Abstract
Objectives
To assess the affects of a delay in diagnosis on the survival rates of Bone Sarcoma (BS) using size and symptom duration as measures of delay.
Methods
All patients diagnosed with a Primary BS from 1970 to 2005 were included. Demographic data concerning age, sex, diagnosis and tumour site were recorded. The data were collected retrospectively from a prospective database, with 2573 patients included. Symptom duration is defined as the length of time the patient was experiencing symptoms for until the date of diagnosis. Survival analysis was performed using Kaplan-Meier curves and Cox Regression was carried out to identify variables affecting outcome.
Results
2489 patients with Primary BS that matched out inclusion and exclusion criteria were identified. Osteosarcoma (40.4%), Chondrosarcoma (20.6%) and Ewing's Sarcoma (17.6%) were the most common diagnoses, with a median size of 10cm at presentation. Overall 5 year survival was 61.2%, extremity sited tumours carried a statistically significant better prognosis compared to axial tumours (5yr survival 63.2% vs. 53.3%) and patients with axial tumours had significantly longer symptom duration (Mann-Whitney U test p = 0.000 31 and 12 weeks).

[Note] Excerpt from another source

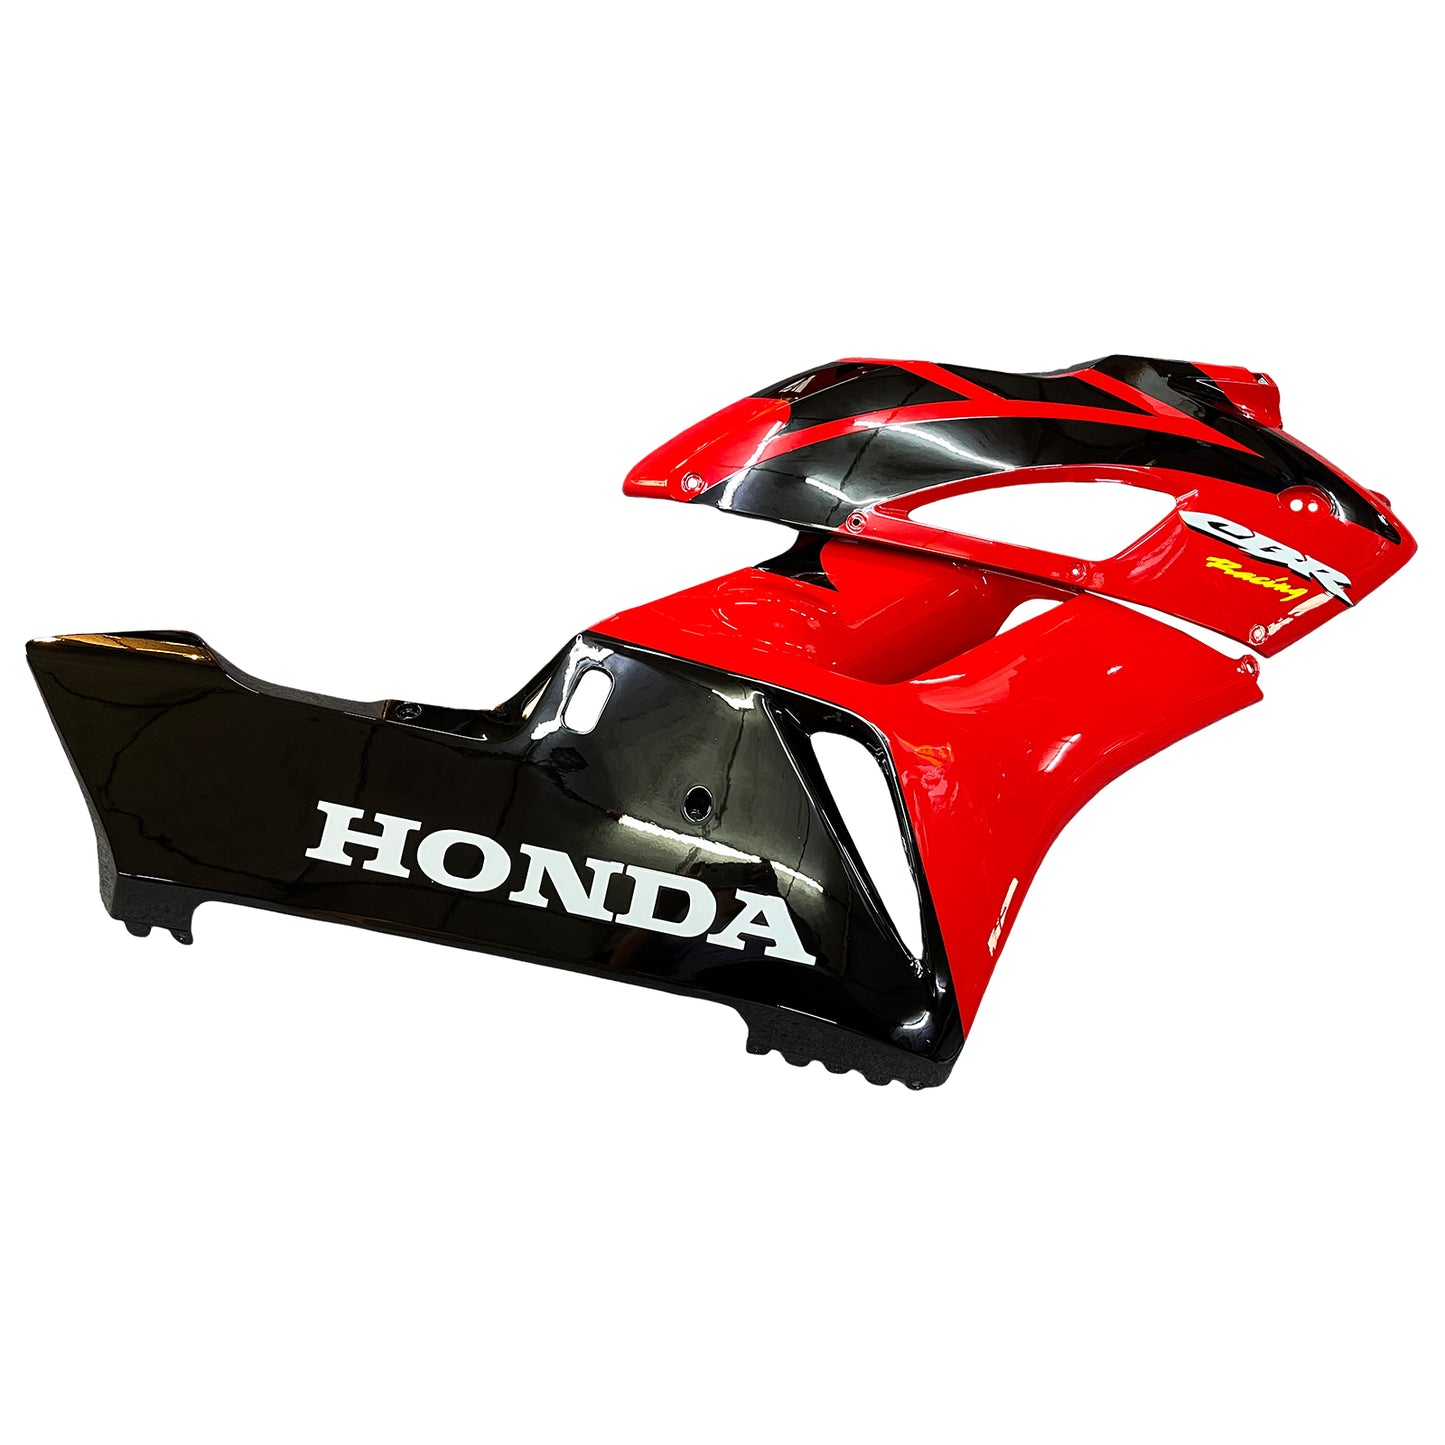 2004-2005 Honda CBR 1000 RR Amotopart Fairings Red Black CBR Racing Customs Fairing
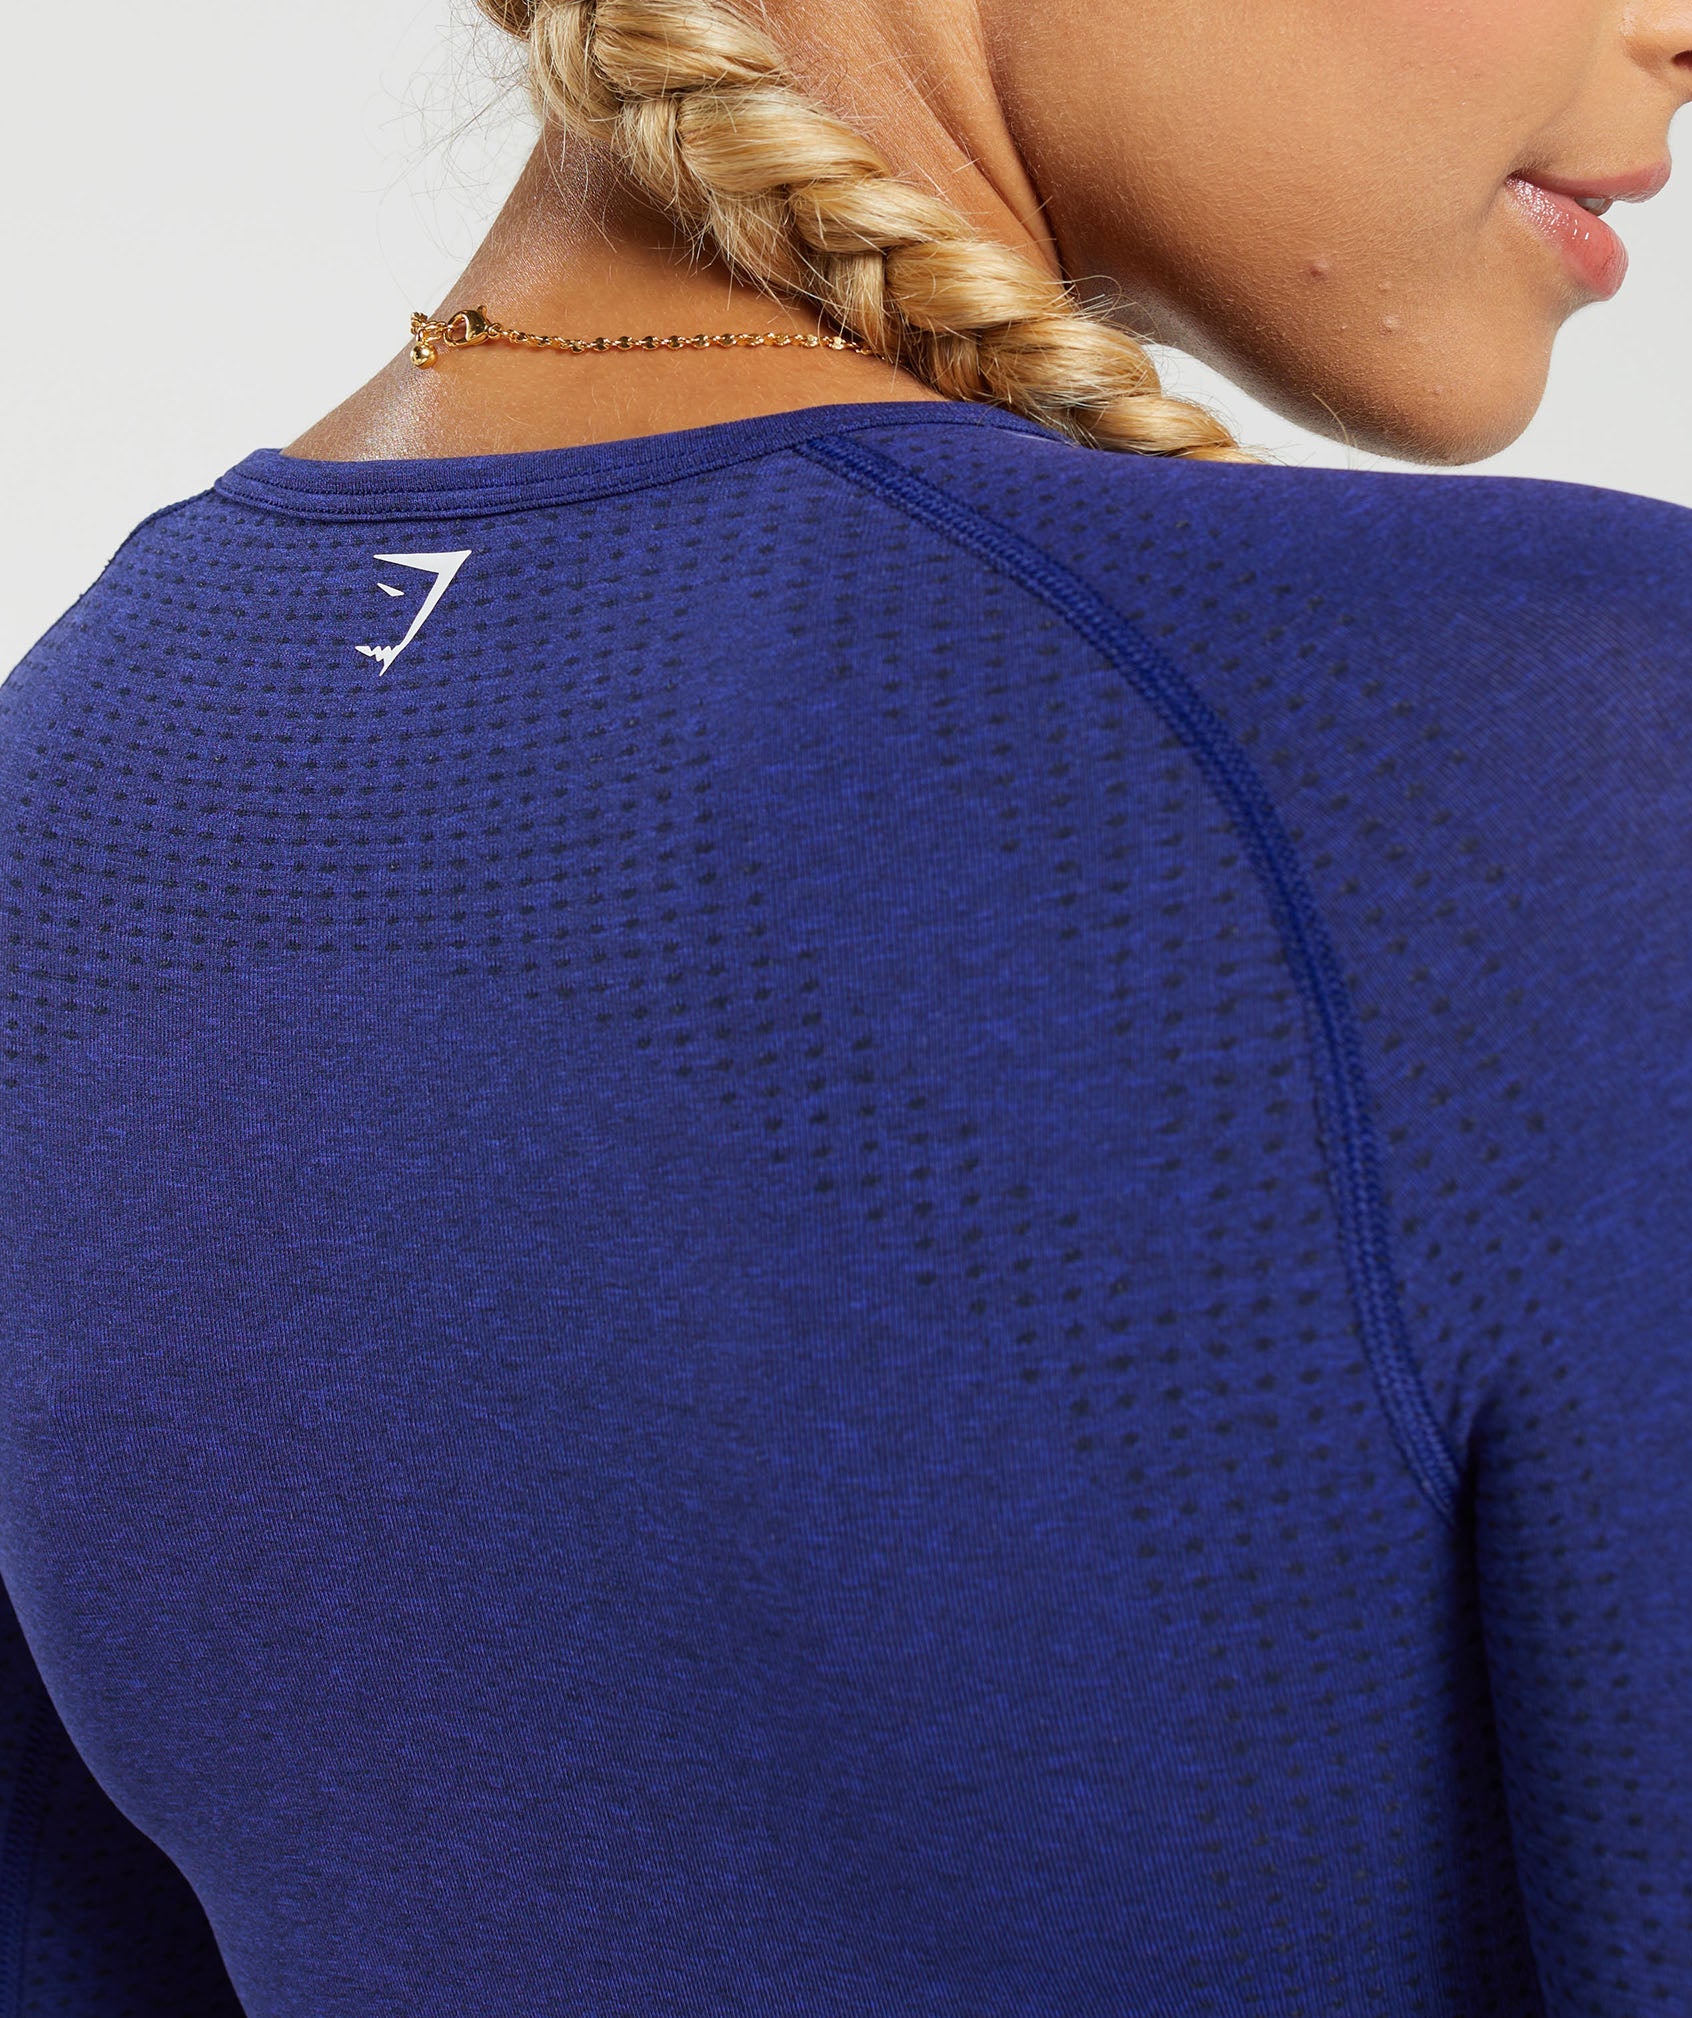 NWT Gymshark Woman's Turbo Seamless Crop Top& Leggings Set Cobalt Blue Sz M

Overall analysis of all BS diagnoses showed lengthier duration of symptoms was associated with a better outcome (Hazard Ratio = 0.998, p = 0.000), which suggests that 1 extra week of symptoms confers an increased survival of 0.2%. Larger tumour size was associated with a poorer survival rate (p=0.000 to 3 sig. fig, Hazard Ratio 1.059 respectively) which suggests that for every 1cm increase in size there is a decreased survival of 5.9%.
Conclusions
Although many factors have been associated with survival, the limited literature concerning symptom interval and outcome is varied. This large study has shown that regardless of diagnosis, overall, shorter symptom duration and a large tumour size are associated with a poorer prognosis.